10. Investment Order of Operations & Action Steps ([31:53]–[35:23])
- Investment priorities:
- Get all employer matches (401A, 403B, TRS pension).
- Max out Roth IRAs for both.
- If eligible, open and fund HSA.
- Contribute additional funds to 403B/401k.
- Actionable homework:
- Reassess emergency fund and deploy excess cash.
- Pay off the high-interest (6%) student loan ASAP.
- Talk to a bank to confirm down payment requirements on the house.
- Save ~$3,000/month toward home purchase if needed.
- Decide on a split (e.g. 70/30) between investing and debt repayment for remaining loans.
- Review plan regularly and adjust as needed.
Notable Quotes & Memorable Moments
- On Eliminating High Interest Debt:
- “Realistically, you could knock out that 6% loan pretty quickly.” –Bo, [19:03]
- On Financial Priorities:
- “Every financial decision you make has an opportunity cost associated with it.” –Bo, [00:58]/[24:45]
- On the Power of Investing Early:
- “Every dollar could potentially become $29.70 at retirement.” –Brian, [26:43]
- “If you waited three years... every dollar only has a chance to become 12.69.” –Brian, [27:34]
- On Opportunity Lost to Time:
- “Time can be your most valuable resource, but it can quickly turn into your enemy if you neglect the wealth building process too long.” –Brian, [29:16]
- On Finding Balance:
- “We're just trying to figure out how you balance that... I always remind people there's a risk you won't have as much on your army of dollar bills to pay for you when you're not working.” –Brian, [25:30]
- On Newfound Clarity:
- “That's been the missing piece. I feel like that’s kind of how we found you guys... there’s definitely something else we could be doing that we should be doing.” –Laurel, [31:30]
- On Action Steps:
- “Does this align with the plan that you already had in place?” –Bo, [33:15]

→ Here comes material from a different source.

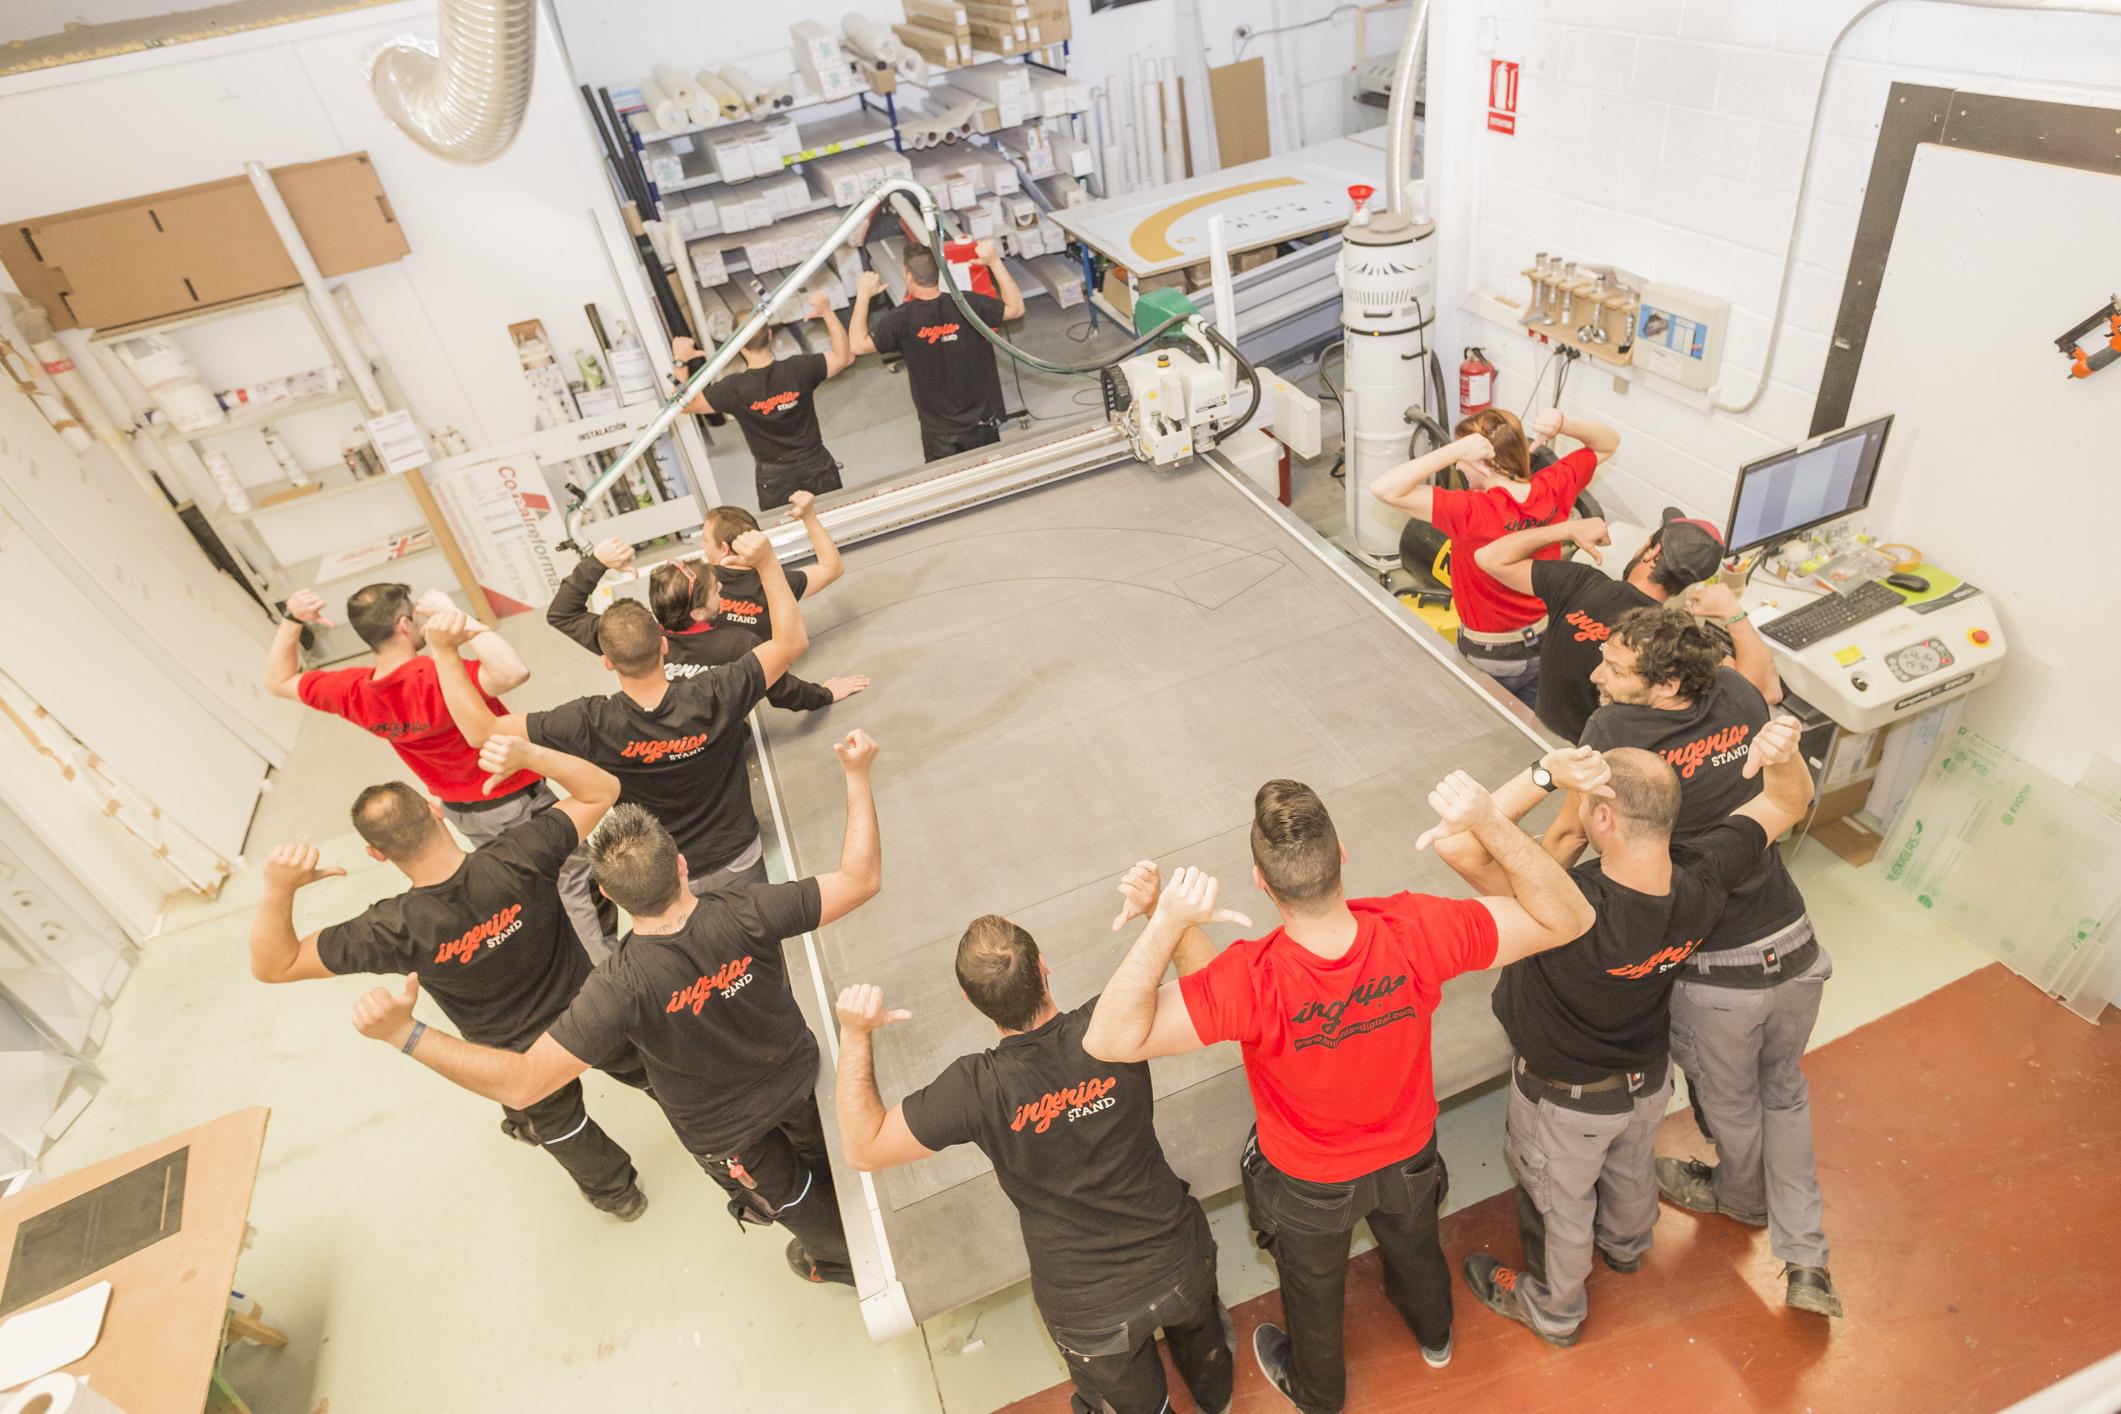 equipo de trabajo de Ingenia Stand en el taller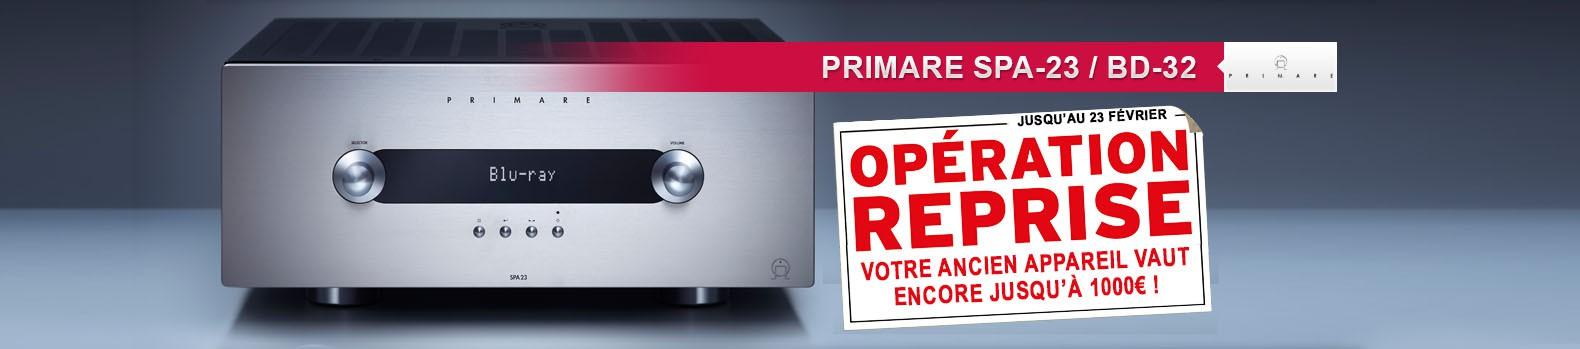 Opération reprise sur amplificateur home cinéma et lecteur blu-ray Primare

- “Figure out your split with a free cash flow. Do we want to go 70, 30? Do we want to go 80, 20?... Rinse, repeat, reevaluate, and start building your great big beautiful tomorrow.” –Bo, [34:16]
- On the Roth IRA:
- “It cracks me up that you opened a Roth account, but we haven’t really started funding this. Once again, that is—that’s the first step.” –Brian, [34:05]
Timestamps for Key Segments
- [01:00] – Introduction of Carl & Laurel's finances and negative net worth
- [04:00] – Living situation, house buying plans, and family support
- [08:09] – Discussion of opportunity costs and financial order of operations
- [12:46] – Nuances regarding student loan forgiveness for teachers
- [13:22] – Cash flow breakdown and emergency fund strategy
- [19:00] – Prioritizing elimination of high-interest debt
- [20:35] – Home purchase math: Down payment, timeline, and mortgage affordability
- [22:00] – Strategic allocation: 70% to investment, 30% to student loan repayment
- [26:32] – The “wealth multiplier” and the urgency of starting to invest early
- [31:00] – Projections for net worth growth and retirement income
- [33:15] – Step-by-step investment order of operations and actionable homework
Conclusion
Brian and Bo empower Carl & Laurel (and listeners) with the clarity, confidence, and framework needed to break free from debt anxiety, maximize compounding through early and steady investing, and use their high income to orchestrate simultaneous progress toward multiple life goals. Their tailored advice, emphasizing intentional tradeoffs and the cost of inaction, culminates in a practical, repeatable action plan—underscoring that personal finance is personal, but success is built on disciplined, informed decisions taken early and often.